Jun 7, 2010, 11:23:27 PM6/7/10
to fma-owl-2009
In debugging why the Right thalamus isn't inferred to be (always) part
of some Brain in my setup, I realize there might be some ambiguity in
the FMA about the thalamus.

Specifically, I think the answer is that there are two fma:Thalamus,
the left and right, which are subclasses of Thalamus. Most of their
parts that are asserted as part of the thalamus (which inherit to the
right and left) are bilateralized as one would expect.

The only exception is the second partition into allothalamus and
isothalamus. If I understand things correctly those they could be bilaterally
differentiated as well, but are not at the moment.

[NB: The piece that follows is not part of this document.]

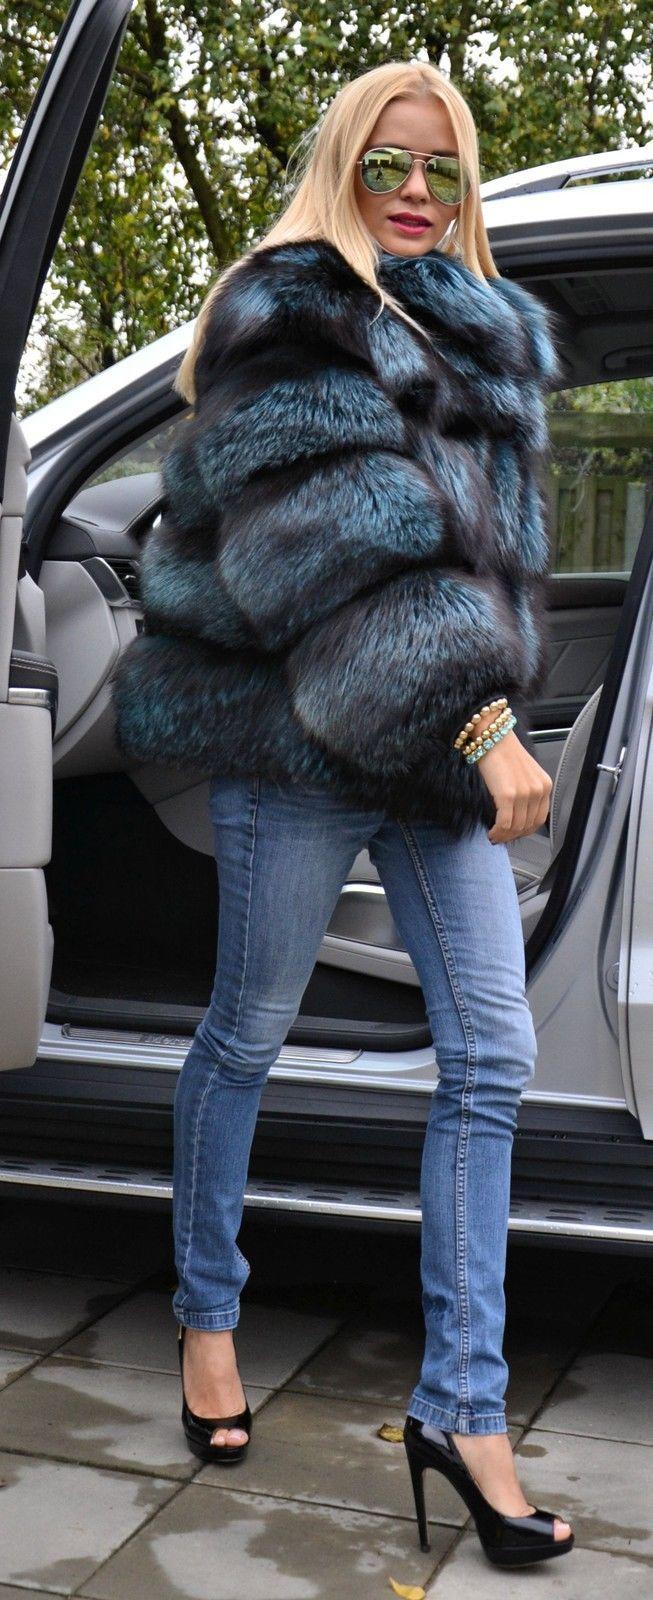 Ocean Blue Royal Saga FOX Silver FUR Coat Jacket Like Sable Mink Chinchilla Lynx | eBay

The thalamus is asserted to be regional part of the diencephalon.

The Thalamic complex has parts Left thalamus, Right Thalamus, and the
Interthalamic adhesion. This looks like an exhaustive partition. It
isn't part of anything, leaving the Interthalamic adhesion an orphan.

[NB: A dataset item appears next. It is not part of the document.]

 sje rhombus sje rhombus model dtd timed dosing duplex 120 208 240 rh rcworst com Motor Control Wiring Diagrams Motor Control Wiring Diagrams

I think it might be clearer to have the Thalamic complex be part of
the diencephalon. Then it would be clear that next level of component
below diencephalon is the thalamic complex. Not asserting diencephalon
having part thalamus might also cause less possibility for confusion
between thalamus and thalamic complex. The left and right would be
inferred to be part of the diencephalon because the they are part of
the thalamic complex.

There is a general issue when one has the pattern

<non-bilateral> (e.g. diencephalon)
 has_part <superclass of bilateral> (e.g. thalamus) 

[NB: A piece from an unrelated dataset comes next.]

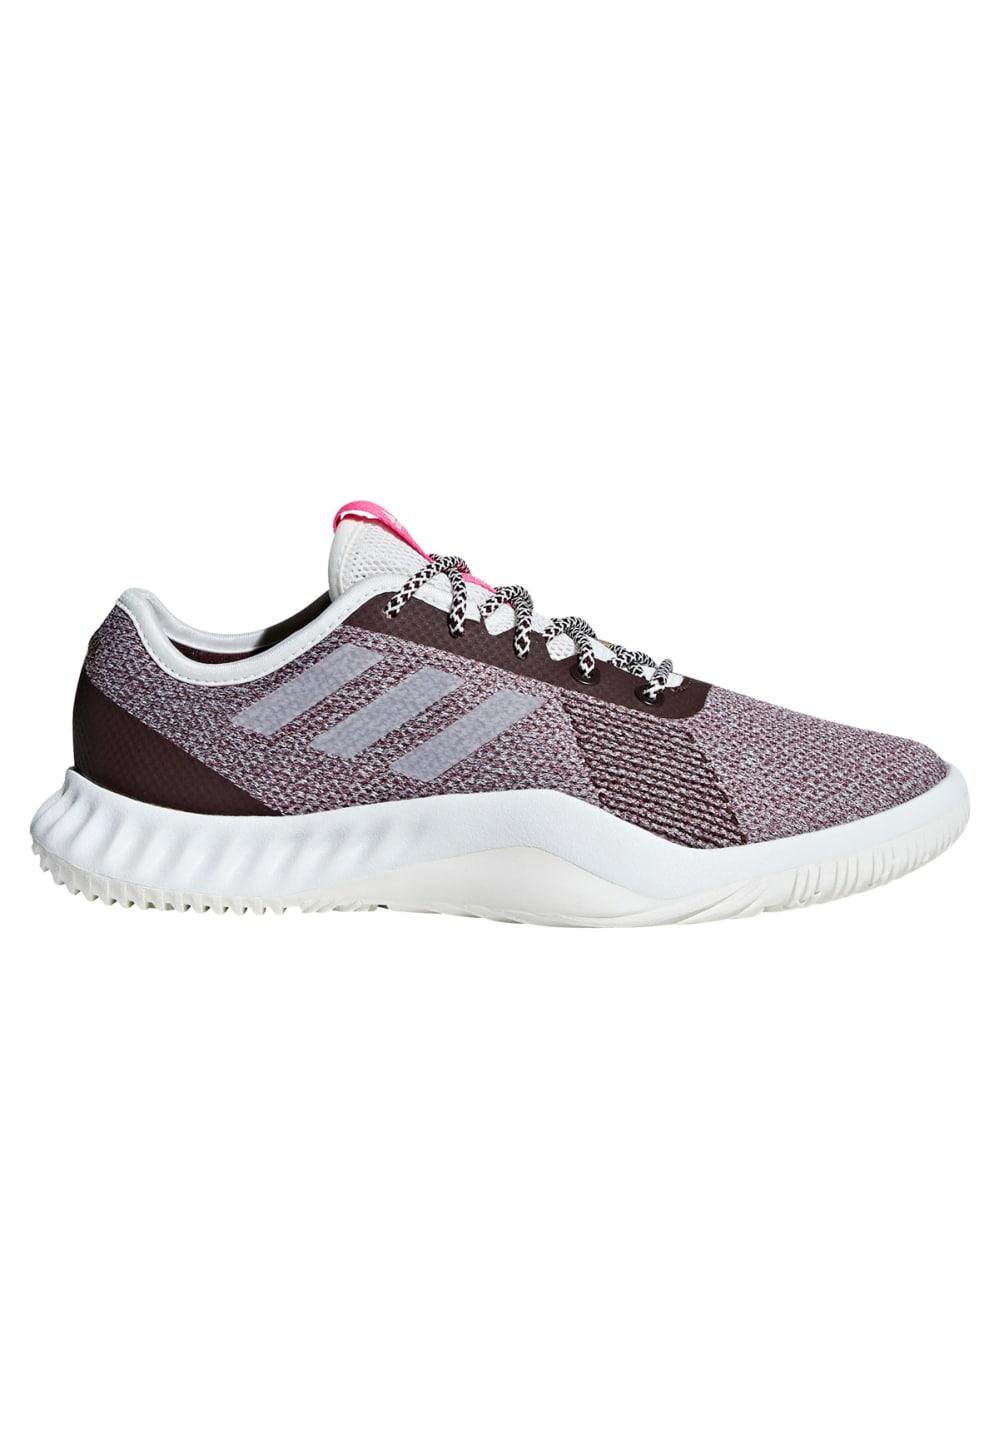 adidas Crazytrain LT - Fitnessschuhe für Damen - Lila | 21RUN

  <left> (e.g. left thalamus)
  <right> (e.g. right thalamus)

which is that we don't know (from the axioms) whether the
<non-bilateral> has both or only one of the <left> and <right>.

The all-some axiom is: ALL <non-bilateral> has_part some SOME

This is satisfied by it having either a <left> or a <right>. (think of
tool that is manufactered in left and right hand versions - some parts
are in common to both, and some are specialized to right and left, but
there would be only one of left or right).

Even if we have the inverses - that ALL <left> is part of SOME
<non-bilateral>, and ALL <right> is part of SOME <non-bilateral> we
still have a situation in which having a single <left> or <right> would
satisfy the axioms.

I am thinking that what I should do is just recognize the pattern and add axioms



Jun 9, 2010, 5:34:21 PM6/9/10
You're right, the thalamic complex is the proper part of the diencephalon. I have intended to do this when I created that class but for some reason I got sidetracked.

 I do agree with the axiom you propose but I'm still trying to come up with examples where the non-bilateral structure may indeed only have as part one lateralized structure. I doubt it but I'll get back to you on that.

Thanks again.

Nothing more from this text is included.